#### RECORDS SUPPLIED ####

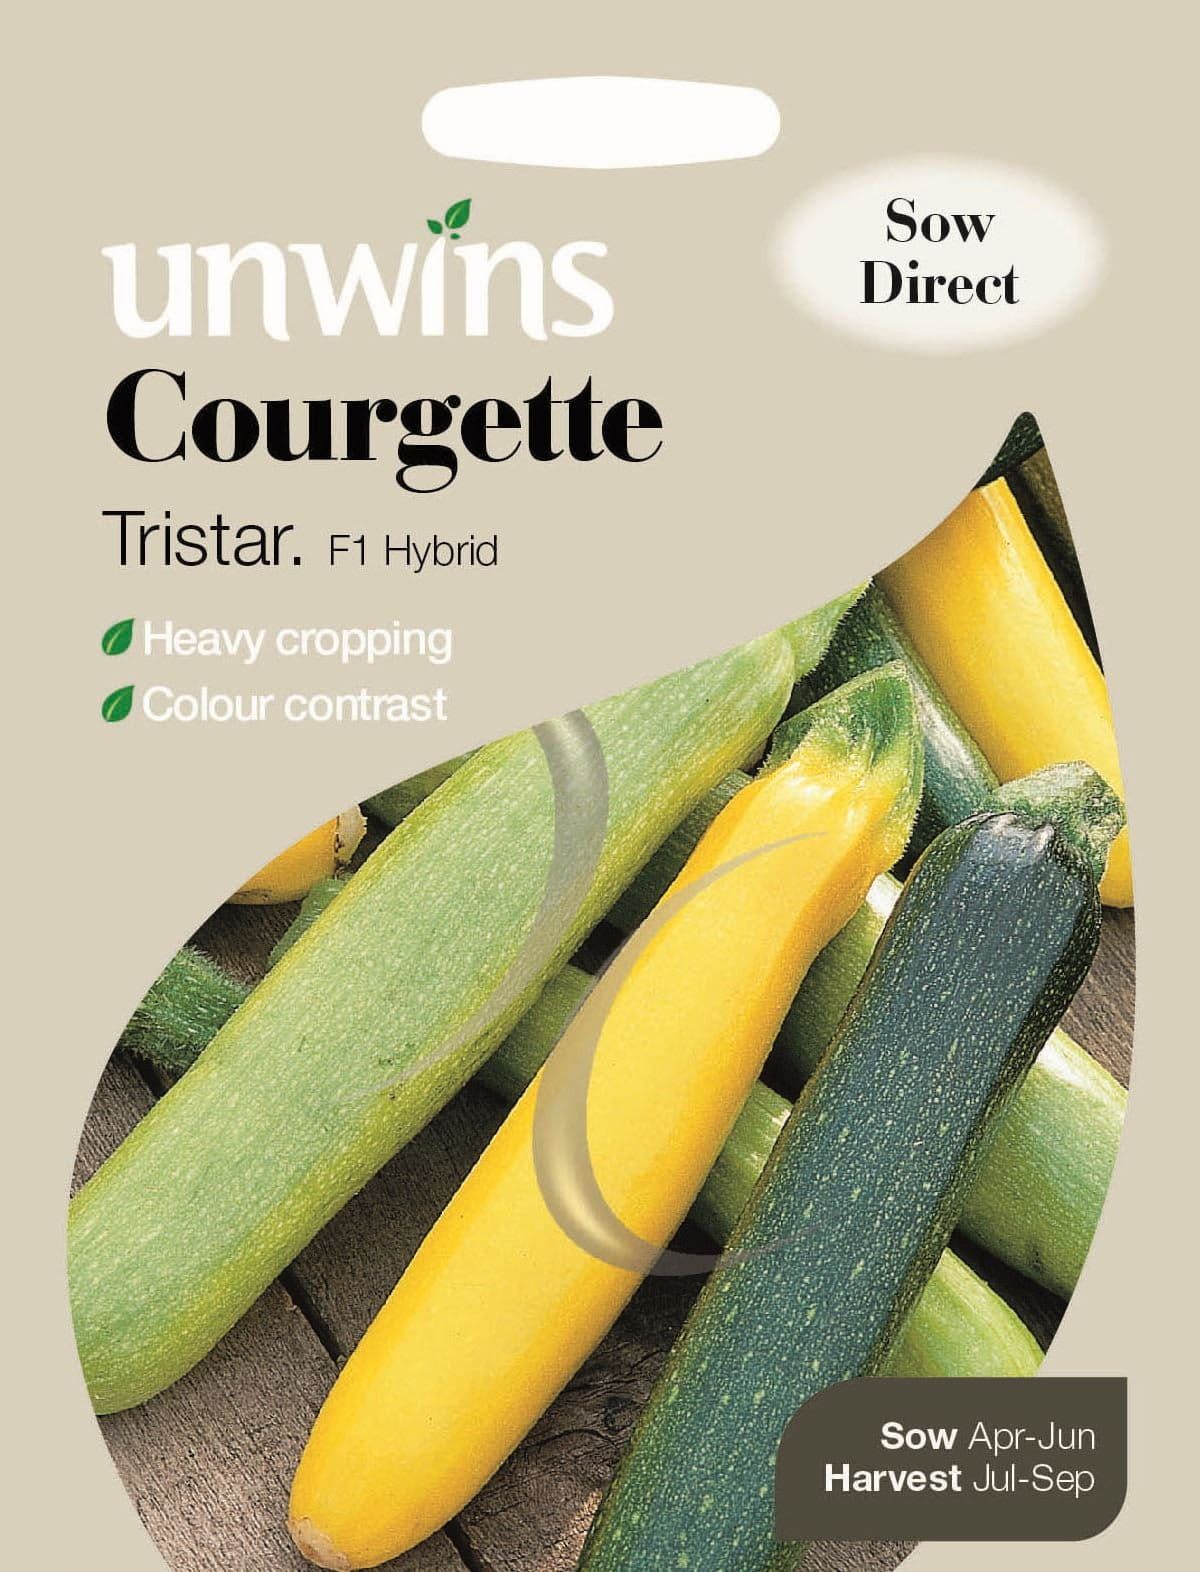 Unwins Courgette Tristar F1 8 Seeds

####
#### RECORDS SUPPLIED ####

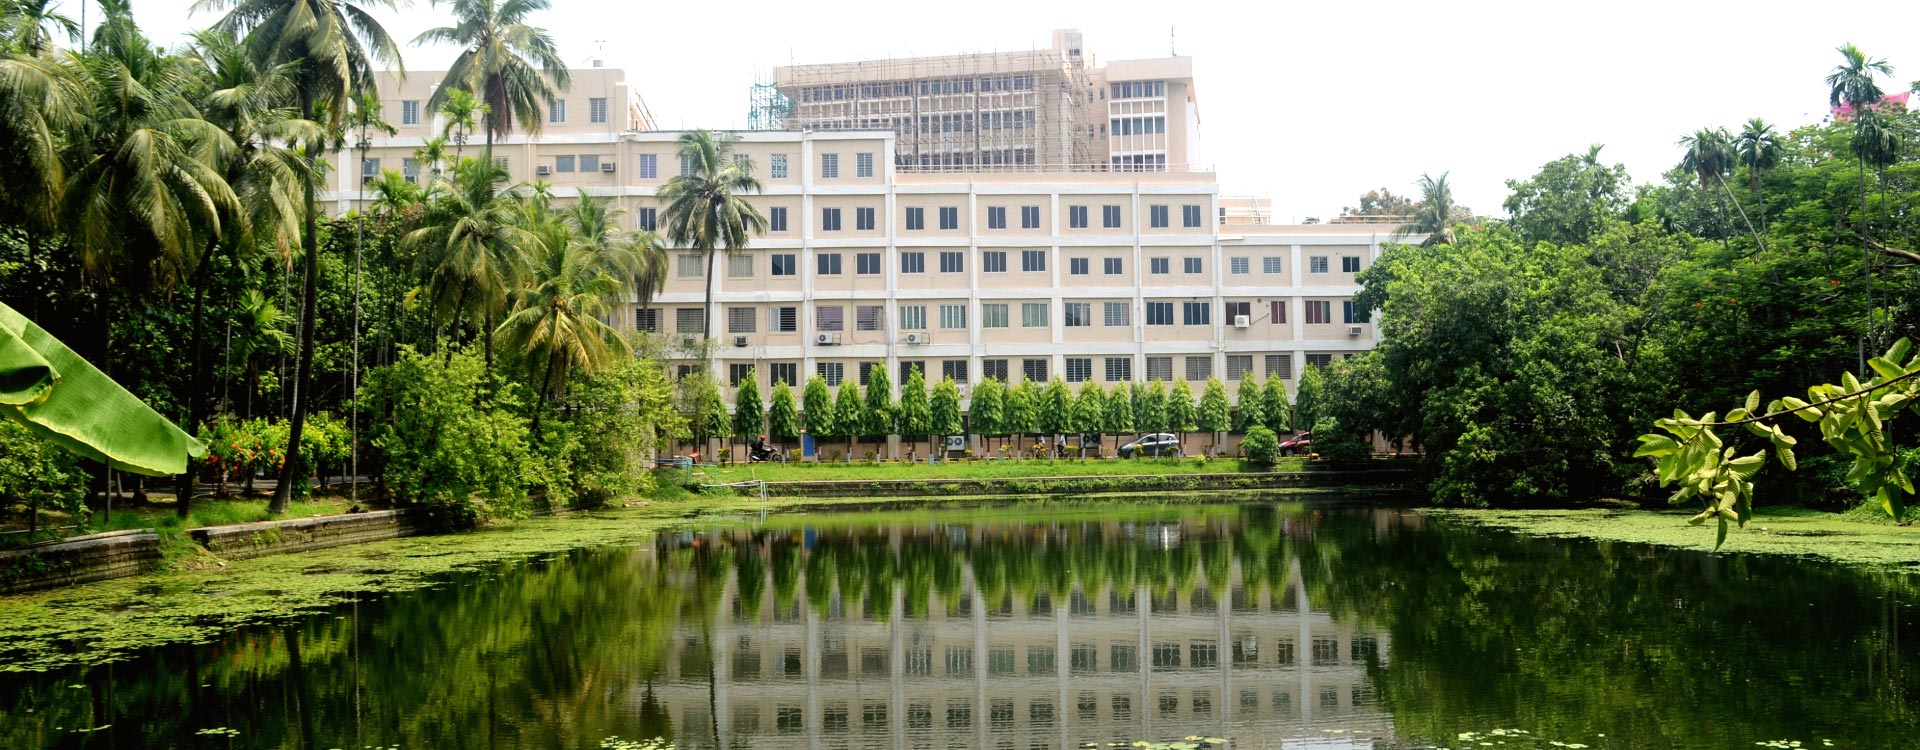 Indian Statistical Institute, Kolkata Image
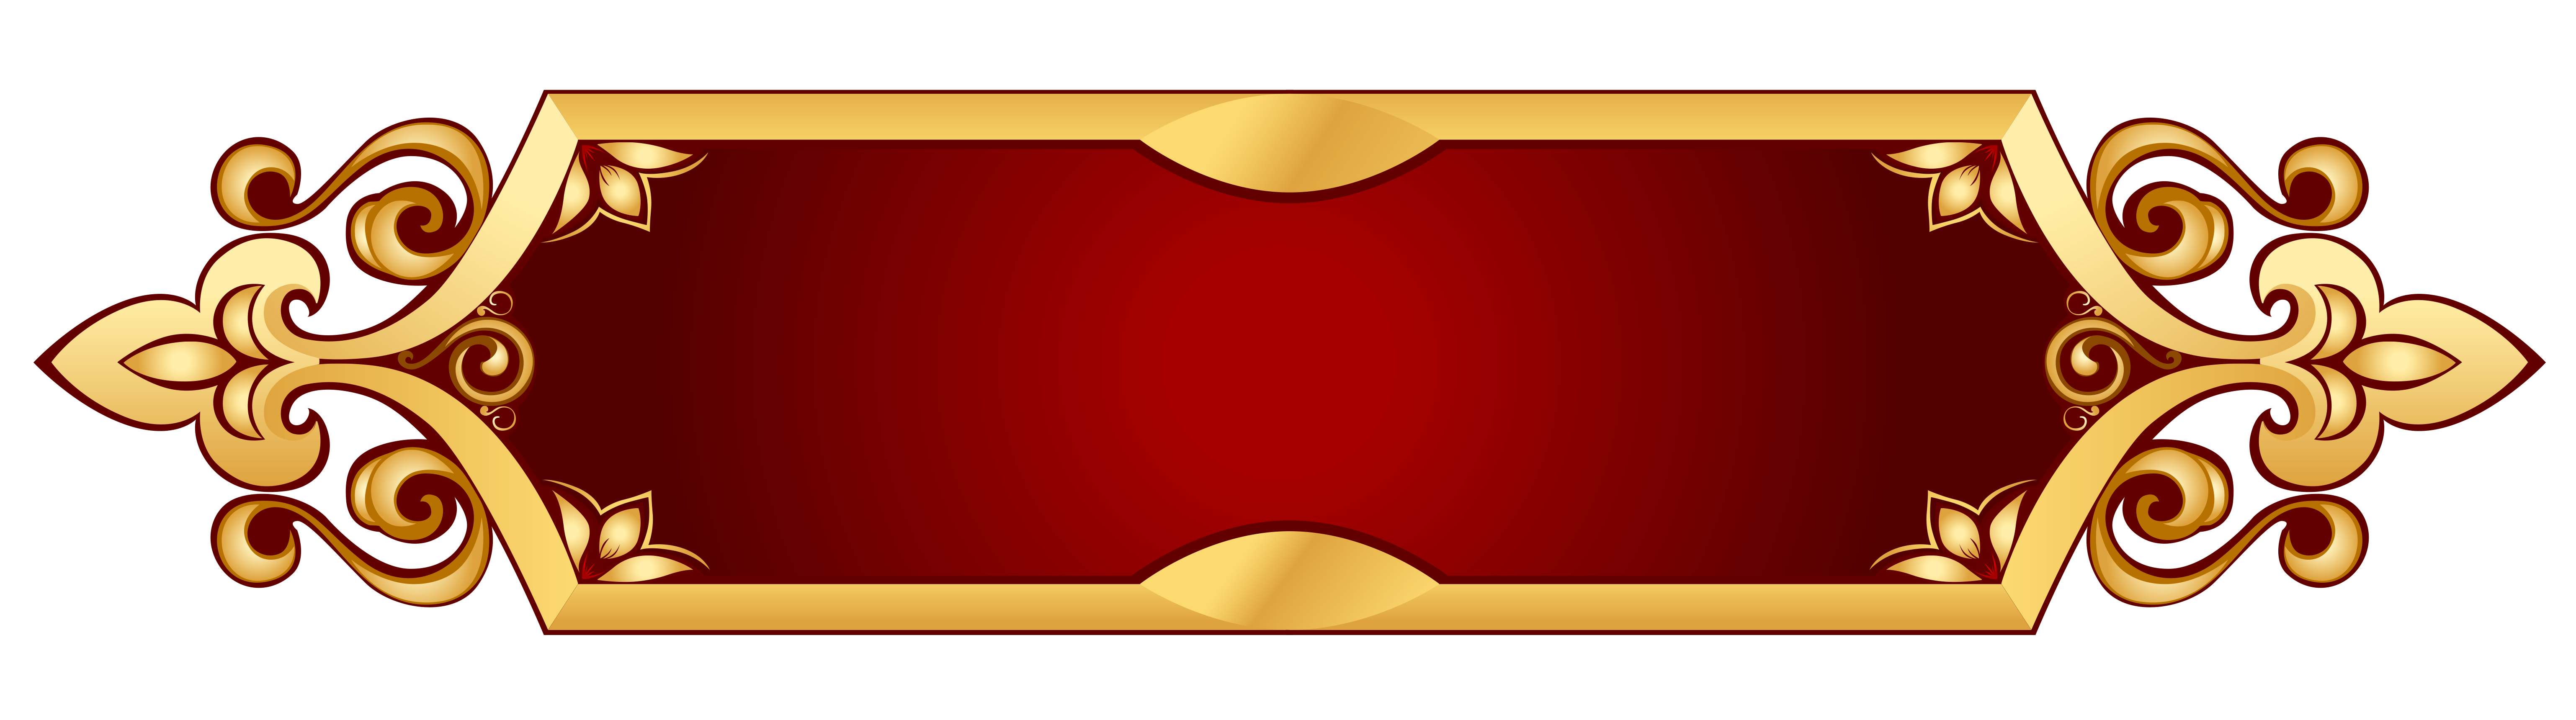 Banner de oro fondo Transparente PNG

####

TO DO - Word for word, write out the lines above running from the one with "Indian Statistical Institute, Kolkata Image" up to and including the one with "Banner de oro fondo Transparente PNG". Drop any picture.

SOLUTION TO THE EXERCISE -
 Indian Statistical Institute, Kolkata Image
 Banner de oro fondo Transparente PNG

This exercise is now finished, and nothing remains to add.